A total of 1134 patients [638 male (56.2%) and 496 female (43.8%)] were recruited from the outpatient psychiatric clinic of Minia University Hospital. They were interviewed using an unstructured open-ended technique to assess the previous methods by which their psychiatric illness was handled.

Results

The number of patients who reported that they had undergone nonpsychiatric medical and cultural traditional treatment methods was 985 (82% of the sample). Nonpsychiatric medical management techniques used by the patients (530, 53.8%) included medical treatment and investigations advised by general practitioners in primary healthcare units (231 patients, 43.5%), internal medicine (123, 23.2%), pediatric services (101, 19.1%), neurosurgery (25, 4.8%), and others including emergency room services (50, 9.4%).
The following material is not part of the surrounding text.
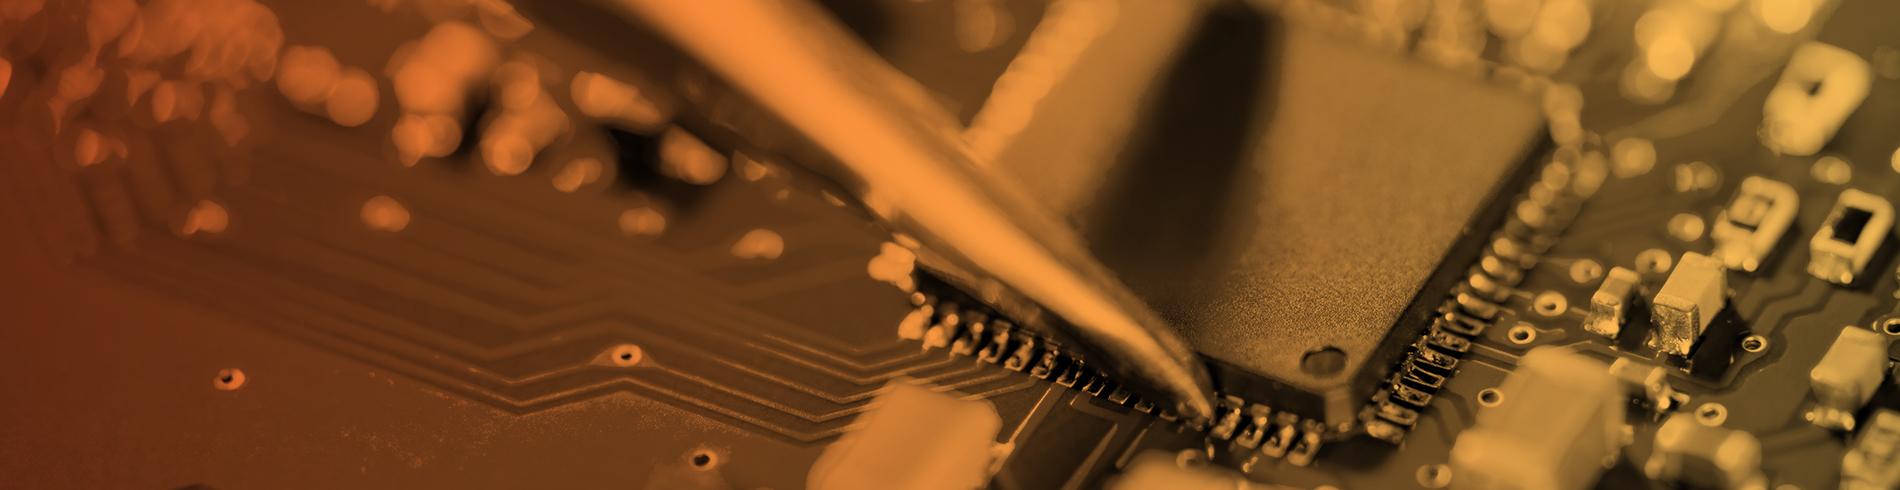 Assegurança d'avaria de maquinària i equips electrònics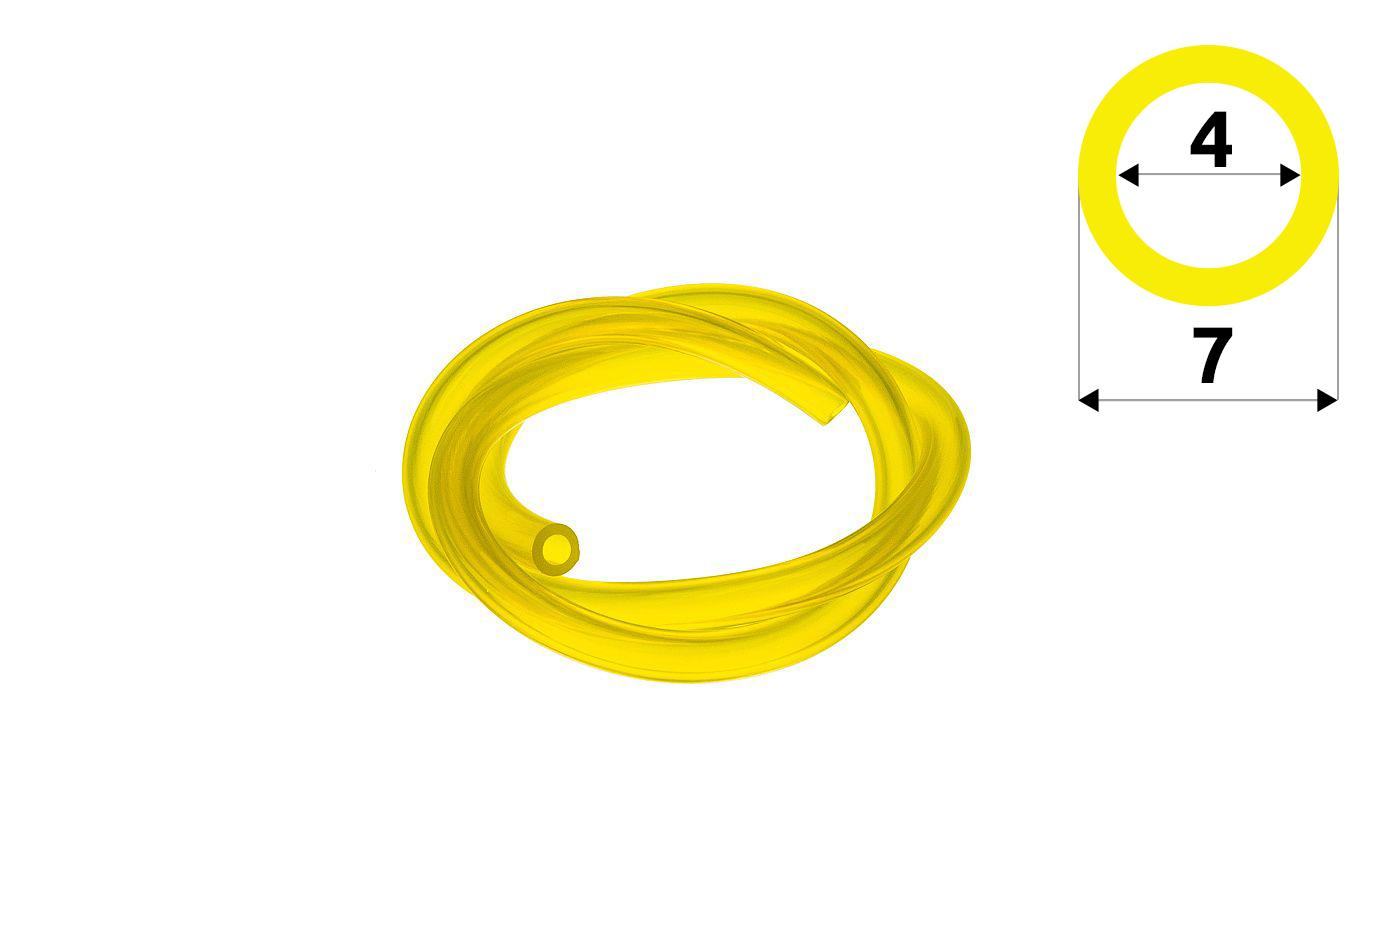 Palivová hadička 4 mm x 7 mm - 1m Palivová hadička 4 mm x 7 mm - 1 meter Palivová hadička 4 mm x 7 mm

Nonpsychiatric cultural traditional interventions (455 patients, 46.2%) included following the Holy Koran (274 patients, 60.2%), using herbs and plants (91, 20%), Hegab (written words on a piece of paper, 55, 12.1%), Hegama (23, 5.4%), and physical interactions (12, 2.3%). The rate of referral of these patients from nonpsychiatric to psychiatric attention was limited (119 patients, 12%).

Conclusion

Our results highlighted the need to enhance communication between psychiatrists and providers of nonpsychiatric care to psychiatric patients.